The trajectory may be familiar, even some of the individual story beats may strike a chord of recognition, but what All the Real Girls has to set itself apart from the rest is its heart-on-its-sleeve earnestness. Without embarrassment, it recalls the strange sense of freedom that comes from being with someone that you can share everything with, say anything to. The kind of relationship where you can say to the other, “Sometimes I’m scared of myself, but I’m not scared with you,” just as easily as you can say, “Did you just fart?” It’s an honesty that is at once liberating, but equally scary because you know that the more open you are with that person, the greater the pain if they hurt you. And it sure does hurt when they do. Paul Schneider and Zooey Deschanel capture this couple wonderfully. They both give very natural, unaffected performances which means that, for all you may wish to brush off their cutesy back-and-forths, you don’t want to ruin this for them anymore than they do. You want them to be happy together. In their more emotional moments, both Schneider and Deschanel also get their frustrated inability to properly articulate themselves. Paul isn’t exactly the smartest guy in the world and Noel, despite her education and thoughtfulness, is even newer to these feelings than Paul, so they both struggle to tell the other what’s going on inside them.
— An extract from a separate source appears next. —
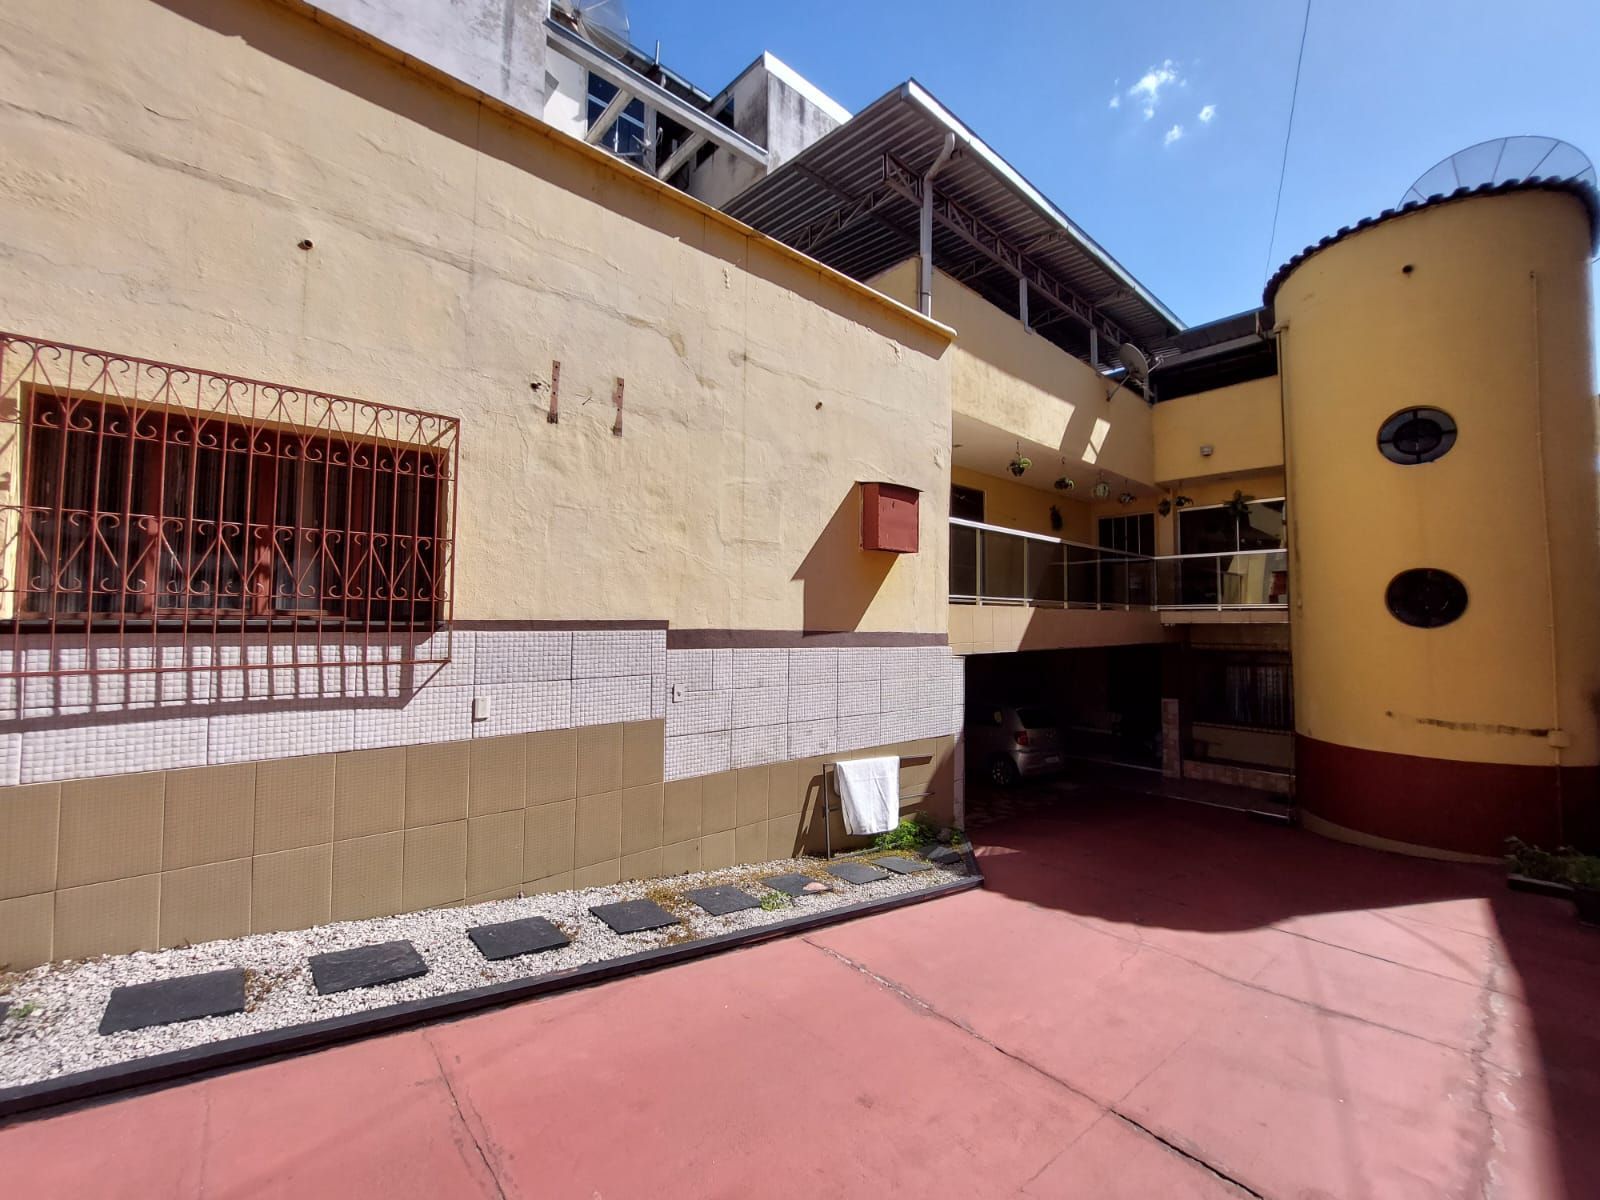 Prdio comercial/residencial  venda  no Centro - Ipatinga, MG. Imveis

This openness doesn’t just rest with our main couple, though. It extends beyond them to every other character. Tip, Paul’s best friend and Noel’s big brother, is given a moody intensity by Shea Whigham. He’s a guy who loves Paul like a brother, but he also knows him too well to be okay with his sister seeing him. For being kind of a lunkhead, he’s also not without some self-awareness. He knows he’s a screw-up and wants to be better, if not for his immature mindset. Paul’s mother Elvira, played superbly by Patricia Clarkson (when is she not superb?), is a woman of a rather deceptive dignity. Her day job has her play a full-on party clown to sick kids and her hobby sees her trying to mend very broken pianos, but she’s no quirky comedy role. Elvira is thankful for what her job has provided for her, but she would hate to see Paul have to settle like she did. She wants him to want more from his life, and it kills her to see him not trying. Benjamin Mouton’s Leland, Paul’s uncle and Elvira’s brother, is also quite touching as he recalls to Paul the pain of having had love, real love, and losing it not because of a fight, but because she died. He provides Paul with a sense of perspective in his relationship musings.
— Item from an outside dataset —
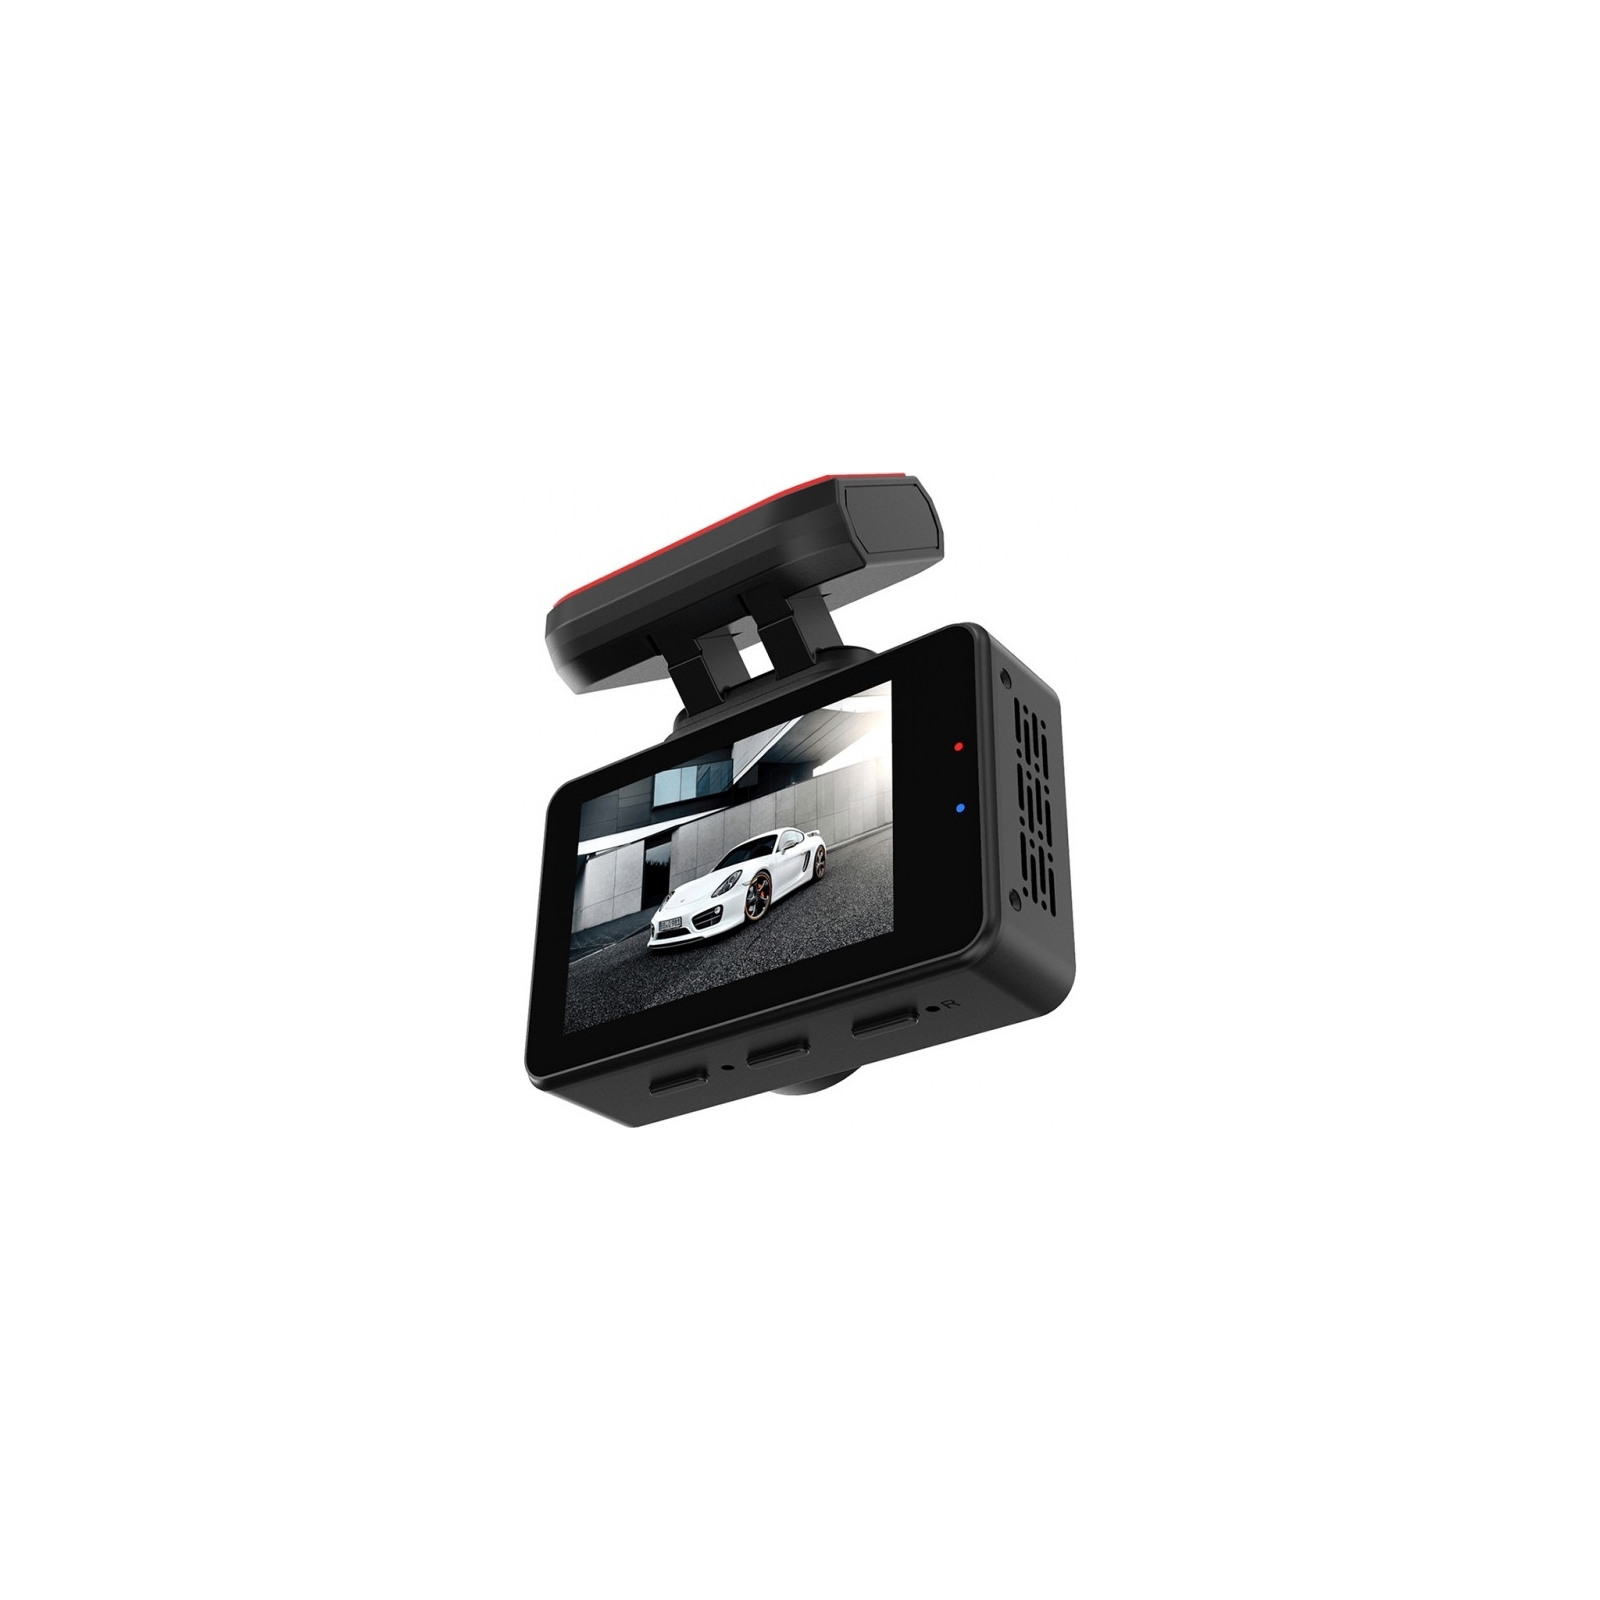 Видеорегистратор Aspiring AT300 Speedcam, GPS, Magnet (Aspiring AT300 Speedcam, GPS, Magnet) изображение 7

The filming itself is gorgeous, with the amber-coloured, almost rusty township carrying a sense of the desolate, but with some sense of affection. David Gordon Green grew up in a place like this, so it’s with some honest fondness that he recalls its memory. Here, people make do with what they’ve got. Hell, so do the animals. In one shot, there is what might just be the saddest, yet most heartening image you’ll see – a dog with no back legs walking comfortably on its front legs without problem. This town may be the place where things come to an end, but all they need is some attention and they’re still capable of producing something beautiful.

There are the occasional lapses in the film’s artifice, though. A scene with Paul and Noel standing together in a bowling alley halfway up a lane, leaning into each other, talking about things seems to push the boat out a little far. The scene is a little too designed, the body language too unnatural, that it all sticks out a bit. Another moment comes when Leland’s daughter Feng Shui sits with Noel’s younger brother Justin and, after they’ve both closed their eyes, talks about running on the ocean and over mountains and everybody loving you. It’s beautifully poetic, but it also threatens to derail the good will the audience has built up for the film. Fortunately, there’s never anything that gets in the way that badly, so the whole remains engaging enough throughout.

It’s easy to write off All the Real Girls as overly sentimental or self-consciously precious, and it certainly does brush up against that line a time or two, but to do so is to put a barrier up to the film before it gets started. It’s a sweet film, and is unashamedly earnest in talking about the happiness, sadness, joy and fear that everyone feels when they first feel real love, but are maybe just too emotionally immature to deal with it properly.